Сквозь папоротники и вьющиеся растения Казарл продрался под нависающий свод деревьев. Как они и предполагали накануне, здесь находилась еще одна опустевшая деревня. В отличие от прежних, она была заброшена недавно, и зелень еще не до конца затянула ее. Хижины заросли кустарником, но каменная печь-колонна, самый древний вид алтаря огненного бога, все так же высилась на подставке из спекшейся глины. Казарл указал на ее подножие, предварительно очищенное от растений. Там в землю было вбито что-то вроде деревянного столбика, обмазанного белым. У столбика имелось подобие лица и покрывало — или грива — из высветленных человеческих волос.

— Алтарь Зардука и алтарь Аз’тиры, — сказал Казарл. — Видишь там, снизу, следы на глине? Они приносили ей дары. Сжигали мясо.

Рассвет, обтекая тело Регера, пришел в заброшенную деревню. Он смотрел на выбеленную деревянную Аз’тиру. В ночь ее похорон он стоял перед алтарем в шалианском храме и обещал сделать приношение богине-змеерыбе за упокой ее души. Он так и не совершил этой жертвы. Вместо этого жертвой стала вся Саардсинмея, возложенная на алтарь и отданная морю во имя очищения.

Медленная буря ненависти уже привычно шевельнулась у него внутри. Это началось на корабле Эрн-Йира, однако в мастерской Вэйнека напряжение спало, лишь иногда отдаваясь тупой болью, какой никогда не беспокоил его шрам на руке. Но третья жизнь, жизнь скульптора в Мойе, тоже отдалилась от него. По мере продвижения на запад ненависть снова разрасталась и углублялась, и сейчас, пожалуй, целиком овладела им.

— Она проходила здесь, — уронил он.

— Явно — кивнул Казарл. — Иначе эти дикари никак не могли бы узнать о ней.

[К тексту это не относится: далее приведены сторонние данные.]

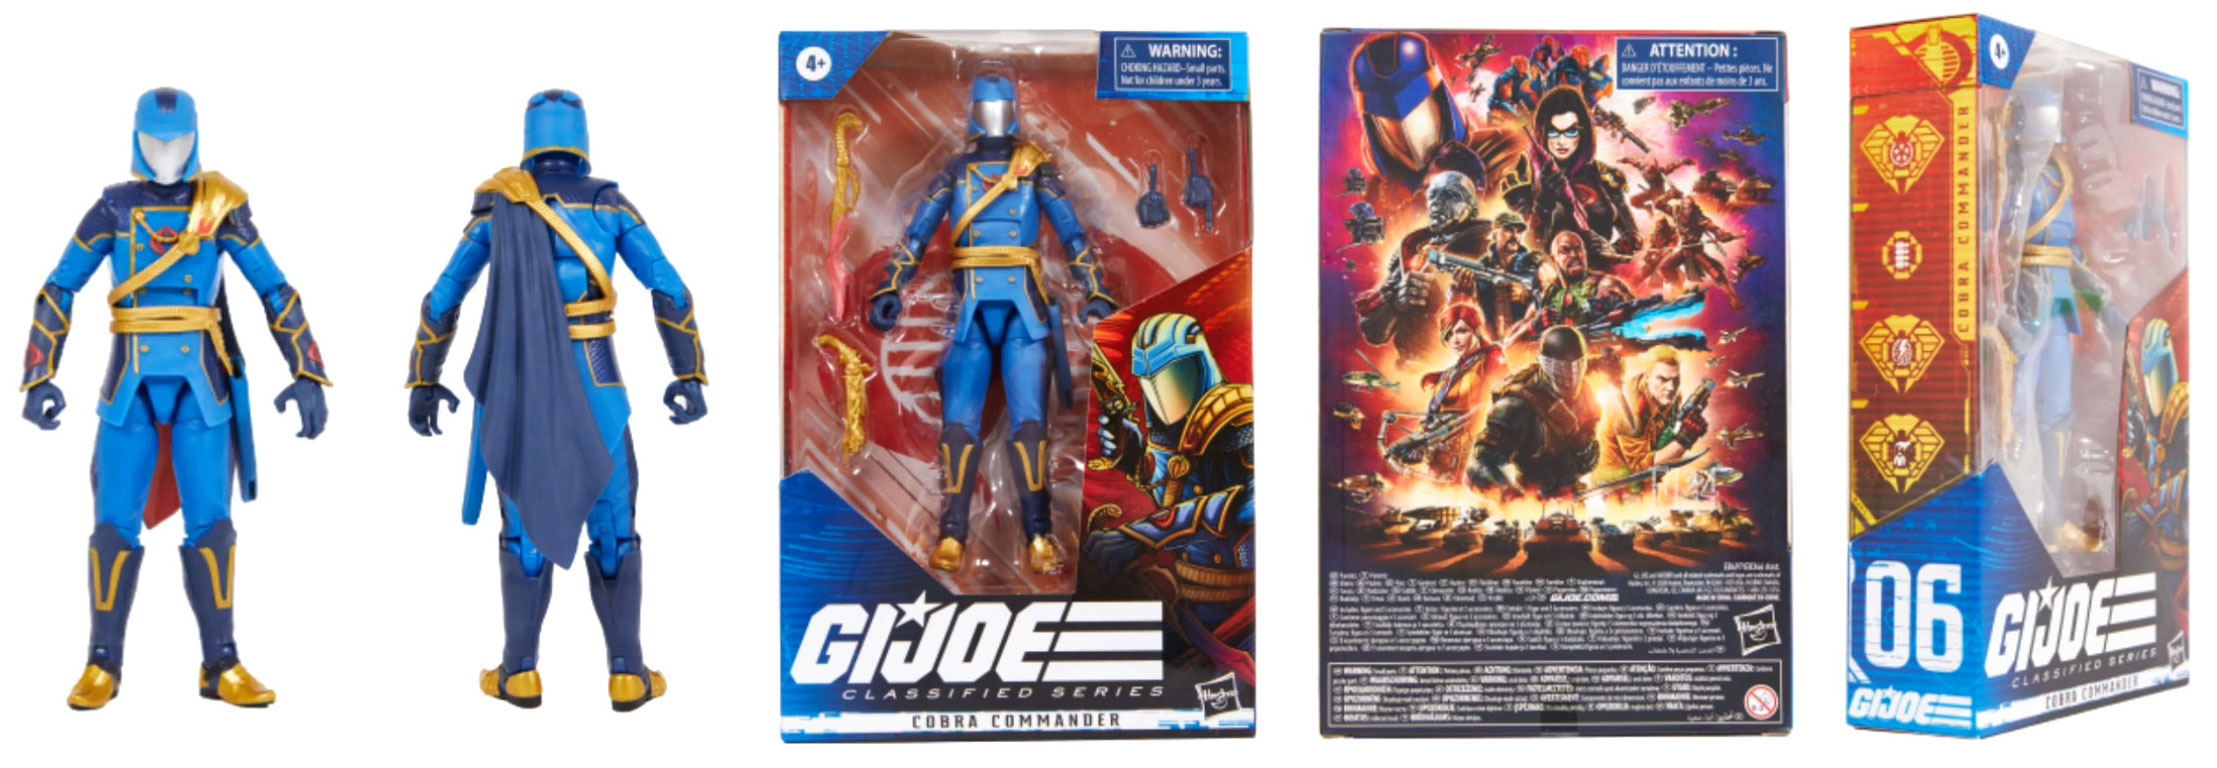 cobra-commander-ntwrk-gi-joe-classified-action-figure-box-packaging

«Что до меня — я люблю тебя, наверное, с того мгновения, как увидела».

Картина вернулась к нему, через нынешнее деревянное подобие и через ту, которую он сам высекал из мрамора — образ ее прекрасной смерти на ложе, будто она спала. Ненависть охватила его, словно желание.

— Осторожнее, Регер, — предостерег Казарл. — Я предупреждал, что мысленная речь не совсем незнакома тебе. Твой мозг грохочет, как гром, и оглушает меня.

— А какими словами?

— Без слов. Разве кричащему ребенку нужны слова?

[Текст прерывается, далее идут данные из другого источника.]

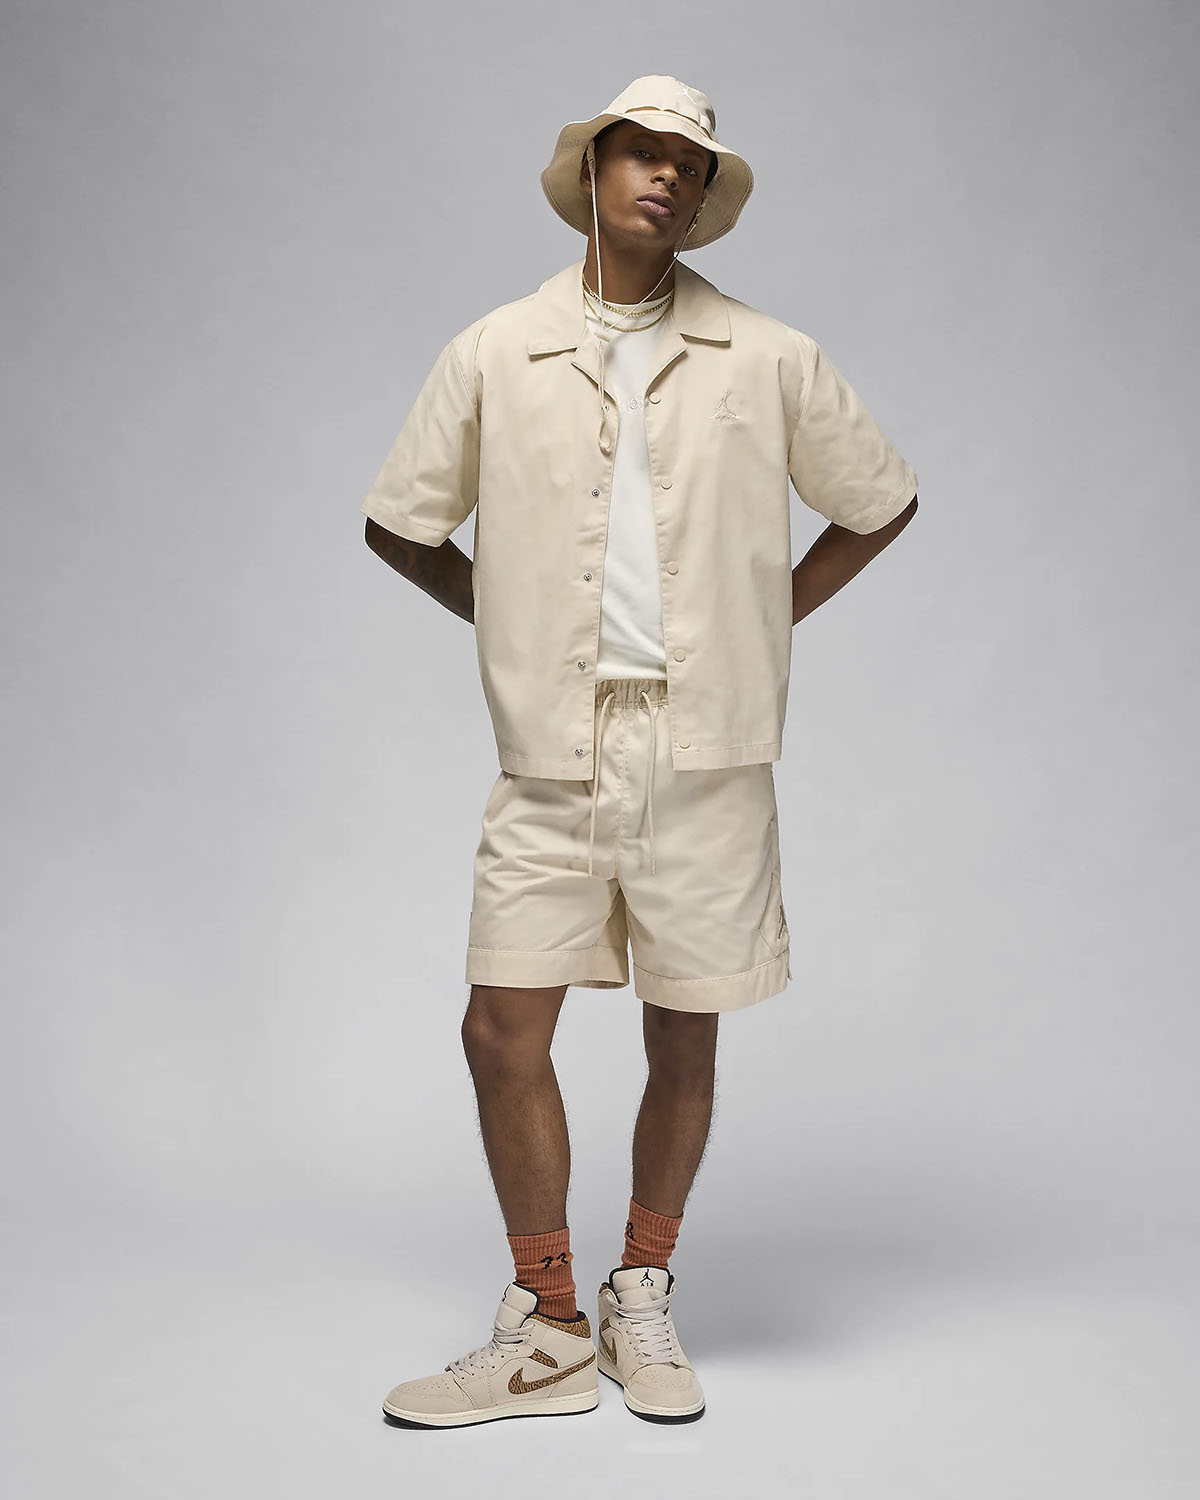 jordan sneakers Legend Light Brown Shirt Shorts Hat Outfit

Регер вскинул глаза и посмотрел сквозь деревню, которую заволокло зеленью.

— Когда в Заддафе тебя неожиданно спросили, не происходишь ли ты из рода Ральднора, — вдруг произнес Казарл, — ты с педантичностью ответил, что не считаешь себя его потомком. Это увертка?

— Прочти в моем мозгу, — предложил Регер. — Если сможешь.

— Нет необходимости. Я просто сложил воедино два красноречивых факта. Ты схож обликом с потомками первого Рарнаммона, дорфарианского Повелителя Гроз. Ты не ведешь свой род от Ральднора. Значит, ты происходишь от его сводного брата Амрека.

— Об этом сказала мне она , — Регер отвернулся от деревни.

Поначалу она внушала ему отвращение. Эта белизна… Он никогда не причинял боли женщине, но она не была человеком. Он вырезал ее из мрамора, лепил из воска стройный контур ее шеи…

— Скульптор из Мойи использовал меня как модель для статуи Ральднора, — ответил Регер Казарлу. — Статую везли в Зарависс, и по случайности она упала. Все черты лица оказались разбиты.

Меч превращается в змею, а змея в женщину. Змея, которая сбрасывает кожу и выползает из темного логова под камнем… она так прекрасна…

Регер наклонился, выдернул из глины побеленный столбик и отбросил куда-то в деревню.

Позади раздавались обычные звуки пробудившегося лагеря. Повар гремел горшками и напевал.

— Согласно традиции, мы враги, Регер эм Амрек, — заявил Казарл. — Ты это знаешь и уже сказал об этом.

— Тогда сразимся, шансарец. Так и тогда, когда ты пожелаешь.

— Богиня укажет место и время.

— Твоя богиня — демон воздуха. Время и место укажет твоя воля.

Казарл поклонился, несмотря ни на что, соблюдая законы чести Кармисса.

Ни птица, ни насекомое не смели подать голос в листве вокруг них. Заключив договор, они легко пошли к лагерю, словно ничего не произошло.


Первая полоса дикой местности закончилась в городках и деревнях, на расчищенном, но полном болот и промоин западе Вар-Закориса. Здесь имелись кое-какие виды, главным из которых были горы, тянущиеся до самого южного горизонта.

Во времена Старого Закориса к Великому Морю-озеру не было путей. Корл и Отт использовали этот отгороженный кусочек океана для торговли рыбой и пиратских нападений друг на друга. Но теперь по берегу вились две вардийские дороги.

Отряд Казарла снова уменьшился. Невзирая на данную клятву, пятеро закорианцев пропали в первом же городке за лесом.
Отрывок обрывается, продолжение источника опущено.